Entgegen der Darstellung von Gapski ist von einer "Übertragung" von Medienkompetenz bei Baacke allerdings nie die Rede gewesen. Wohl aber wird mit dem Begriff der Medienkompetenz und anders als bei Gapski angenommen, dass es sich bei Unternehmen nicht um mit freiem Willen ausgestattete Wesen handelt. Unternehmen haben daher nur Kompetenz, insofern die MitarbeiterInnen Kompetenzen haben.

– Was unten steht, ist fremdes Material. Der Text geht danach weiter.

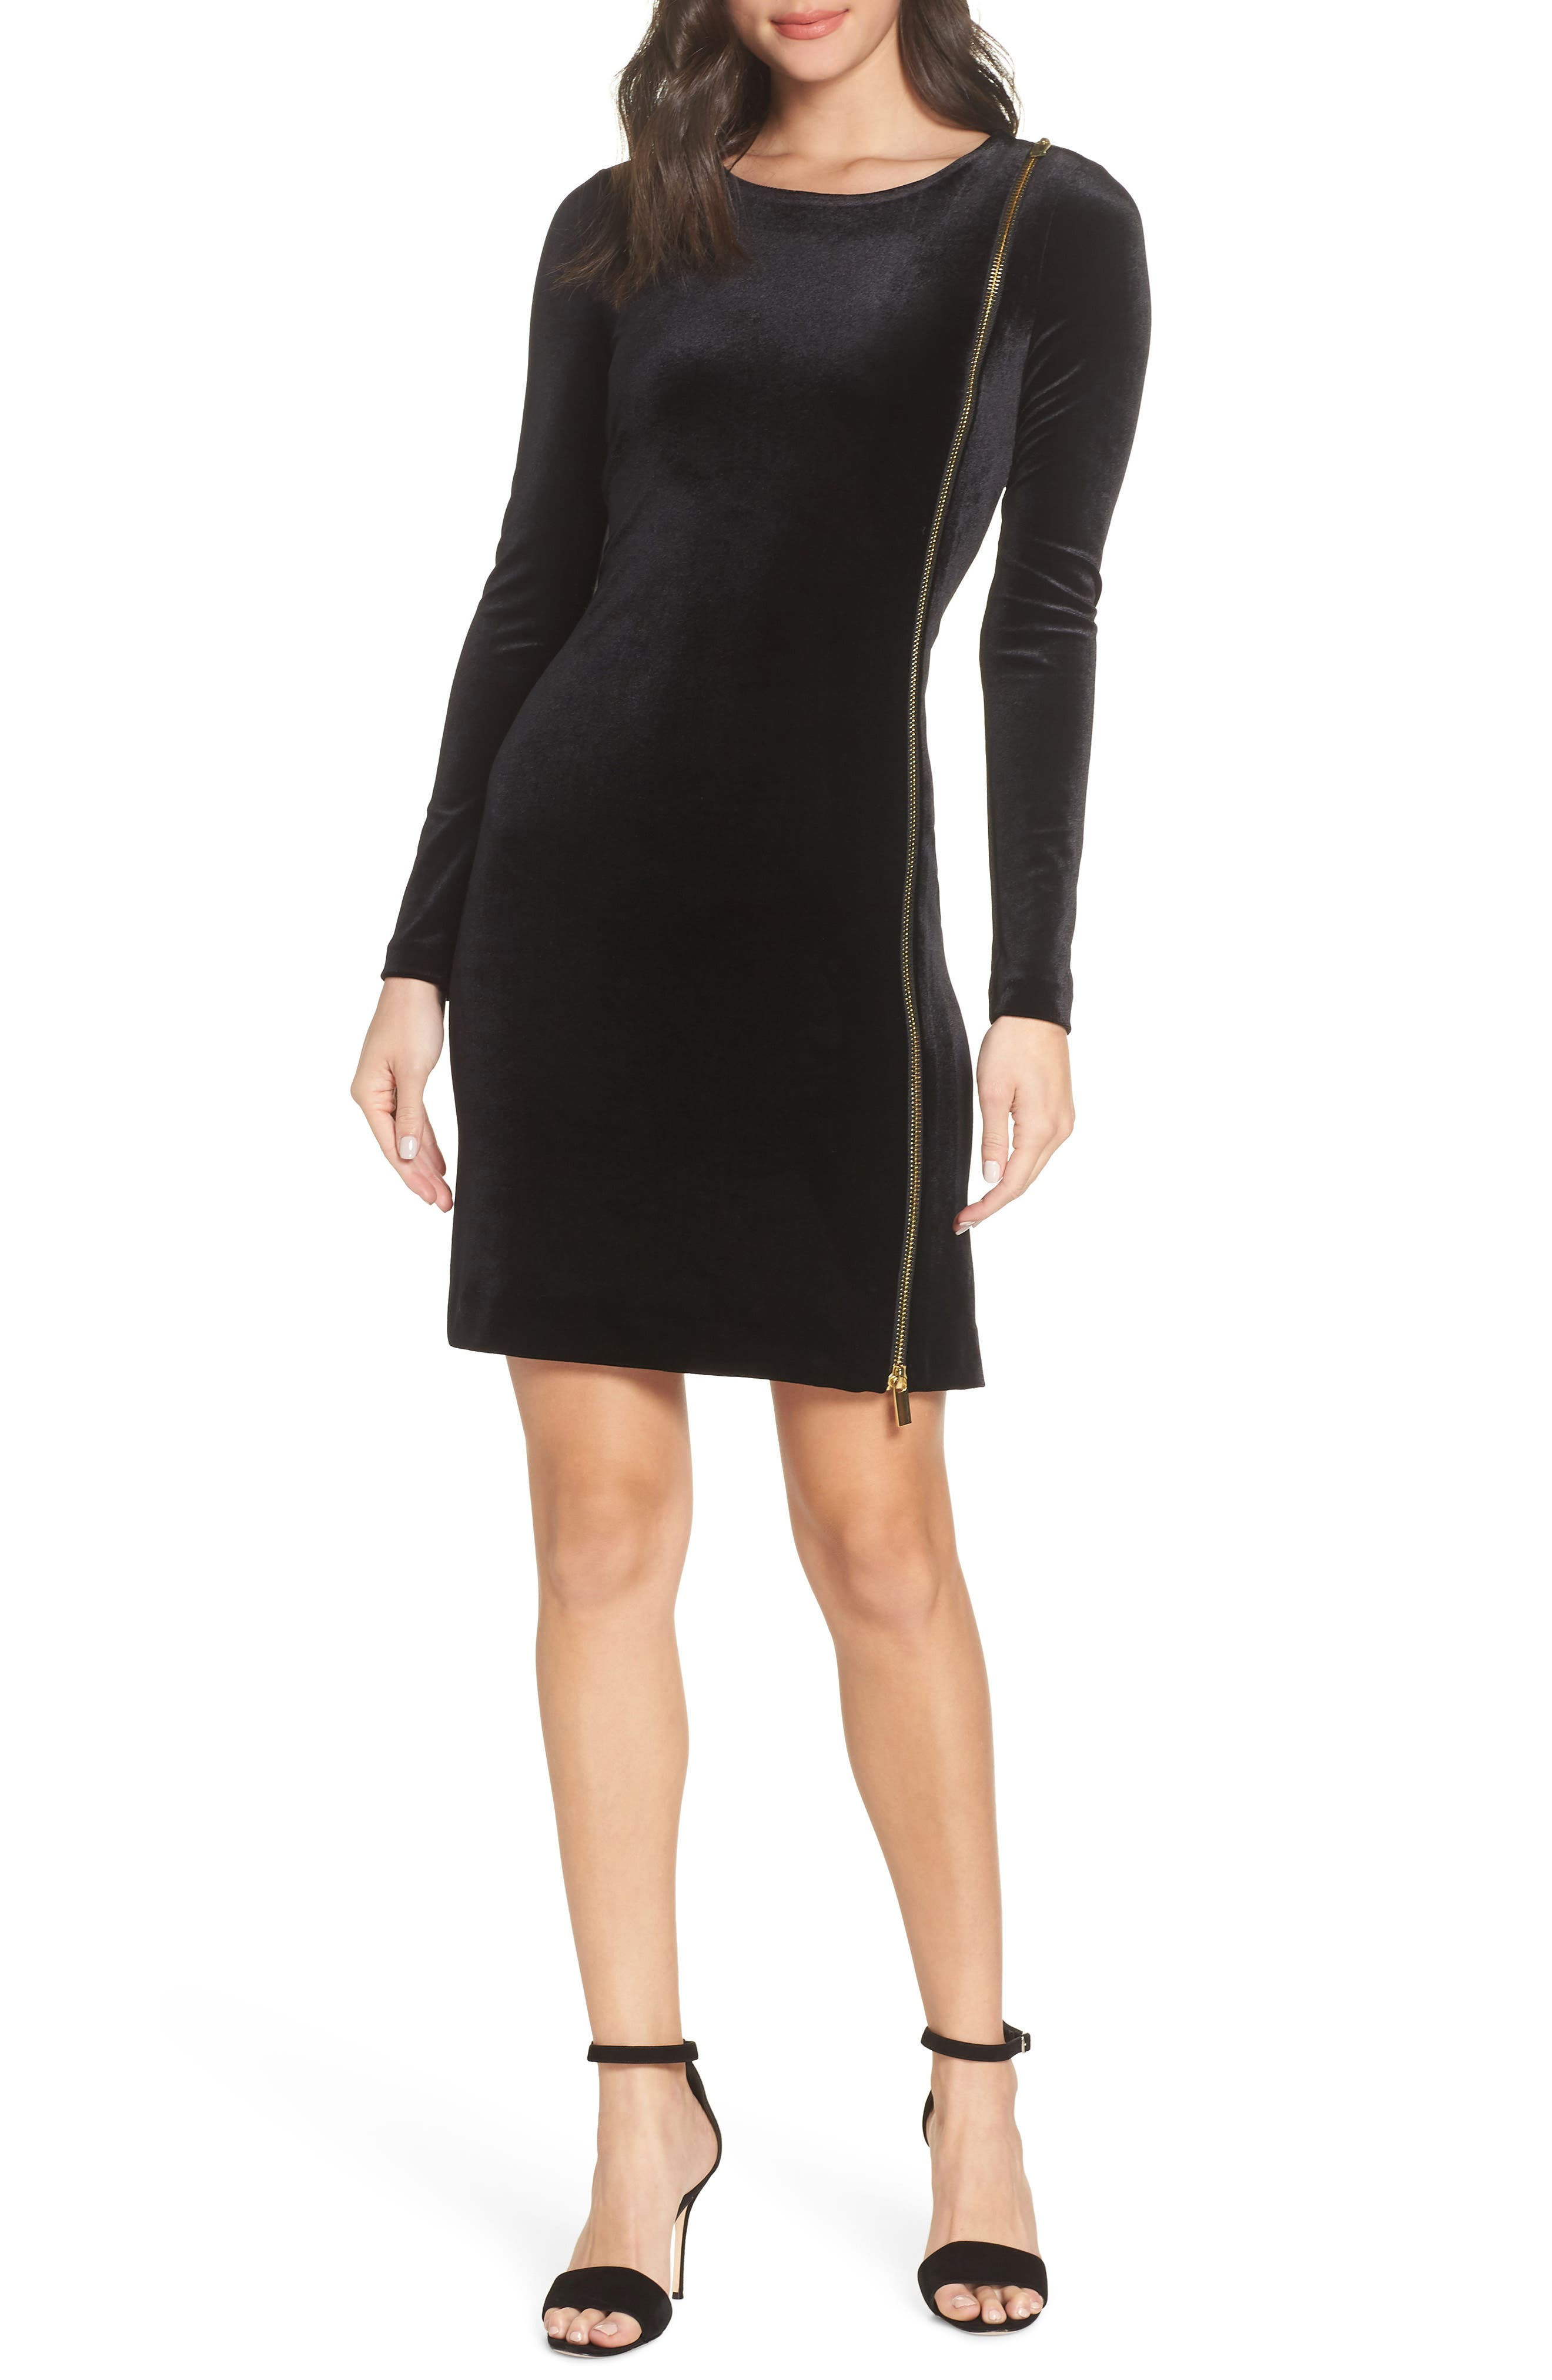 Zella Aurore Velvet Jersey Sheath Dress,                         Main,                         color, BLACK GOLD
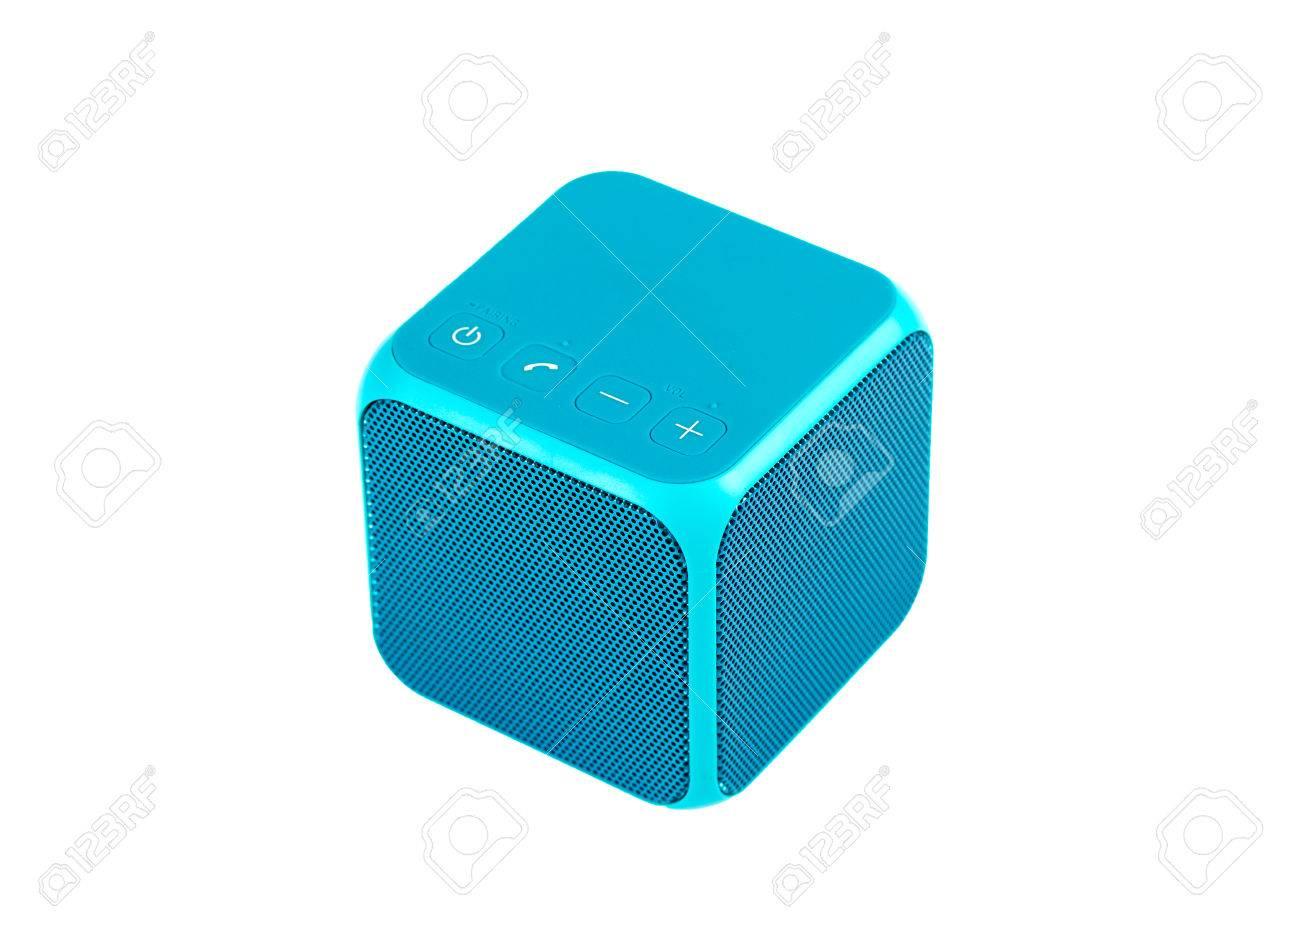 Blue bluetooth speaker cube isolated on white background

Die bisher genannten Definitionen des Medienkompetenzbegriffs liefern keinen systematischen Bezug auf einen Wissensbestand oder bestimmte materielle Zeichenträger. Sie geben jeweils eine Klassifikation in der Absicht der Formulierung von Erziehungszielen an. In empirischer Lesart können diese Ziele als Konstrukte verstanden werden, die zu operationalisieren und dabei auf Wissensbestände und materielle Zeichenträger zu beziehen sind. Da der Medienkompetenzbegriff aber meist als Zielbegriff für Erziehung und Unterricht, und nicht als empirischer Begriff verwendet wird, liegen nur wenige Arbeiten zur Operationalisierung des Medienkompetenzbegriffs vor. Im Wesentlichen sind hier die Arbeiten von Treumann et al. (2002, 2007), Senkbeil et al. 2013 sowie Klimmt et al. (2014) zu nennen. Die drei Ansätze verfolgen dabei unterschiedliche Absichten und operationalisieren den Medienkompetenzbegriff daher auch verschieden.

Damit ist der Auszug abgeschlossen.